Взгляните на Америку, это прибежище для всех угнетенных (кто может заплатить пятьдесят долларов за въезд), для угнетенных со всего света (для всех, за исключением китайцев), – на эту страну, выступающую в защиту человеческих прав во всем мире и даже рекомендующую Китаю впускать к себе иностранцев бесплатно, хотя Китай, может быть, тоже был бы не прочь брать с них за это по пятьдесят долларов. А как бескорыстно ратует Англия за открытые двери для всех! И как истово ратует Америка за эти открытые двери во всех странах, кроме самой Америки!

Да, в качестве миссионера я пел им хвалебные гимны! И все же, мне кажется, Англия впала в грех, когда она ввязалась в южноафриканскую войну, которой могла бы избежать, так же, как мы впали в грех, ввязавшись в подобную войну на Филиппинах. Мистер Черчилль по отцу англичанин, но по матери он американец, и это, без сомнения, как раз тот союз, который порождает совершенство.

Англия и Америка.
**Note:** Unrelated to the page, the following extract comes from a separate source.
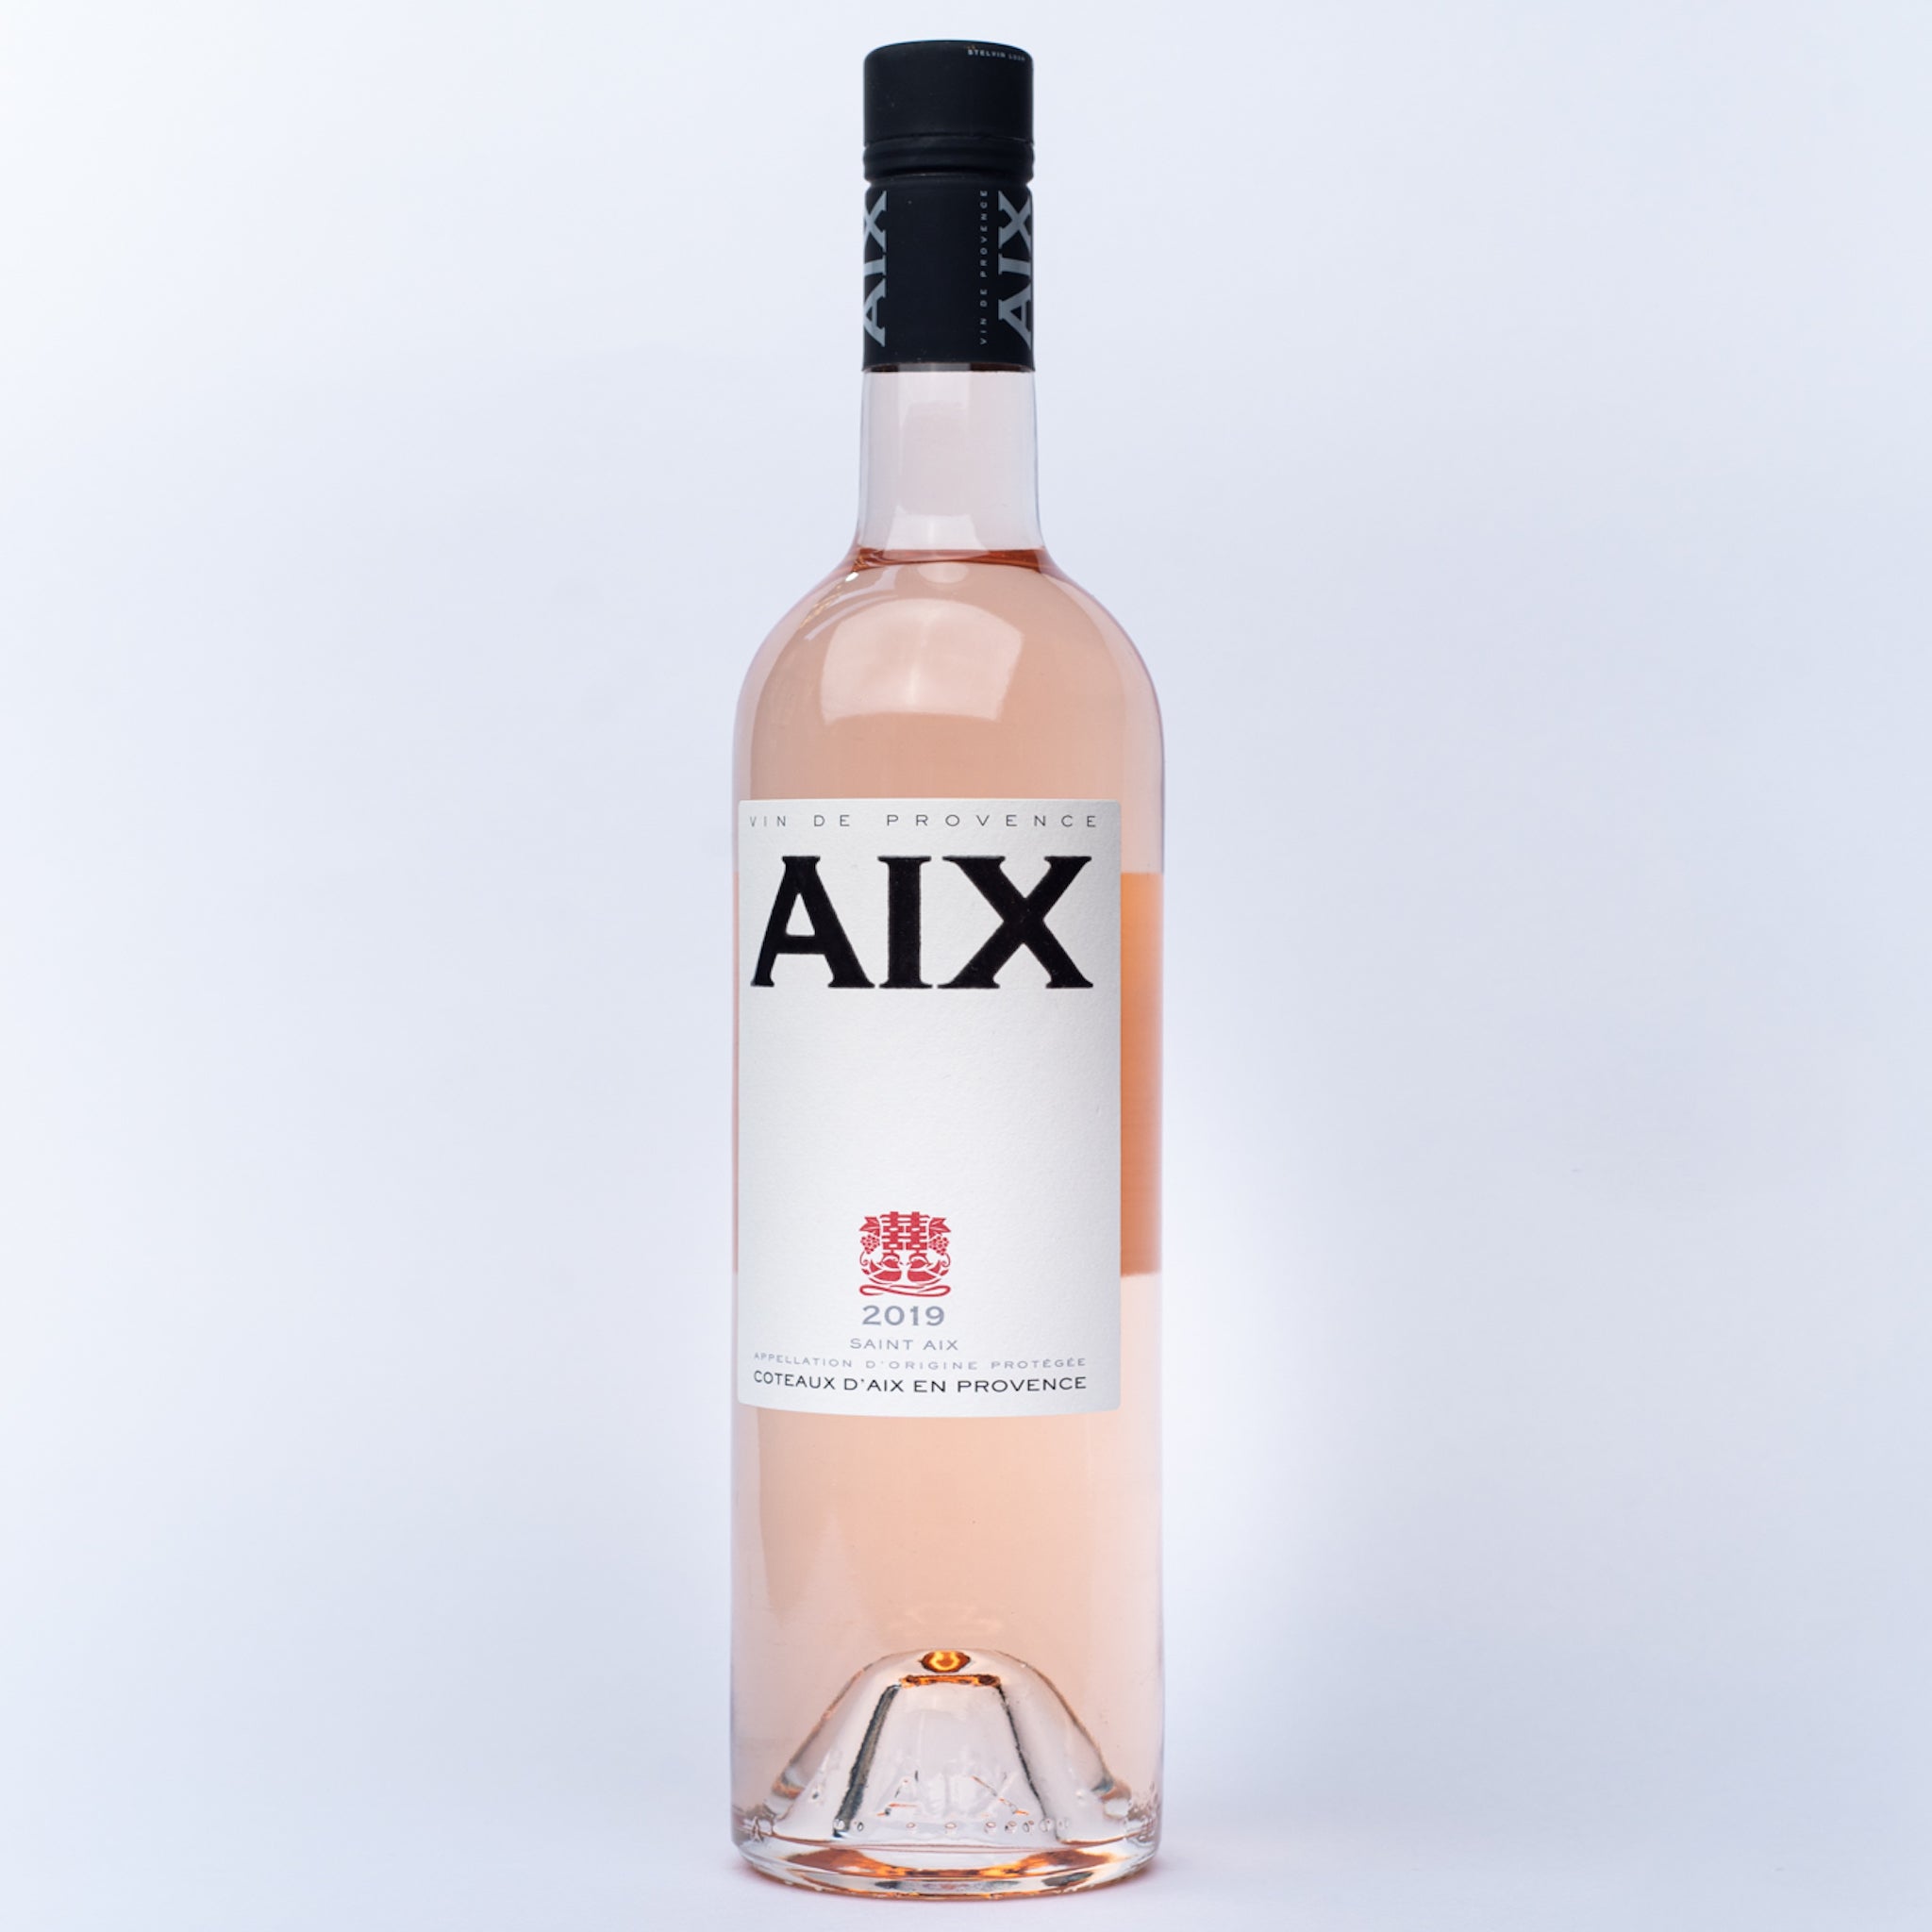 a 750ml bottle of Aix en Provence rose wine.

Да, мы братья. А теперь мы еще и братья во грехе, так что большего и пожелать невозможно. Гармония – полная, союз – идеальный.

СОЕДИНЕННЫЕ ЛИНЧУЮЩИЕ ШТАТЫ
I

Итак, великий штат Миссури пал! Несколько его сыновей примкнуло к линчевателям, и клеймо позора легло на всех нас. По милости этой горстки его сыновей о нас теперь сложилось определенное мнение, на нас наклеили ярлык: отныне и вовек для жителей всего мира мы – «линчеватели». Ибо люди не станут долго раздумывать – это не в их привычках, они привыкли делать выводы, исходя из какого – то одного факта. Они не скажут: «Миссурийцы восемьдесят лет старались создать себе репутацию почтенных, уважаемых людей, и эти сто линчевателей где-то там, на окраине штата, не настоящие миссурийцы: это ренегаты». Нет, такая здравая мысль не может прийти им в голову; они сделают вывод на основании одного – двух нетипичных образчиков и скажут: «Миссурийцы это линчеватели!» Люди не умеют размышлять, у них нет ни логики, ни чувства соразмерности. Цифры для них не существуют; они ничего им не говорят, не подсказывают никаких разумных суждений. Люди способны, например, сказать, что Китай безусловно будет весь обращен в христианство, и очень скоро, поскольку каждый день по девять китайцев принимают крещение; при этом они даже не обратят внимания на то, что в Китае ежедневно рождается тридцать три тысячи язычников и что это обстоятельство сводит на нет всю их аргументацию. Люди скажут: «У них там сто линчевателей; значит, миссурийцы – линчеватели». Тот весьма существенный факт, что два с половиной миллиона миссурийцев не принадлежат к числу линчевателей, не может изменить их приговор.


II

О Миссури!

Трагедия произошла близ Пирс – Сити, на юго – западной окраине штата. В воскресенье днем молодая белая женщина вышла одна из церкви и вскоре была найдена убитой. Да, там есть церкви; в мое время вера на Юге была глубже и имела более широкое распространение, чем на Севере, и отличалась, по-моему, большей искренностью, большей мужественностью, – такой, мне кажется, она и осталась. Итак, молодую женщину нашли убитой. И хотя в той округе немало церквей и школ, народ взбунтовался: линчевали трех негров (из них двух стариков), сожгли пять негритянских хижин и выгнали в лес тридцать негритянских семей.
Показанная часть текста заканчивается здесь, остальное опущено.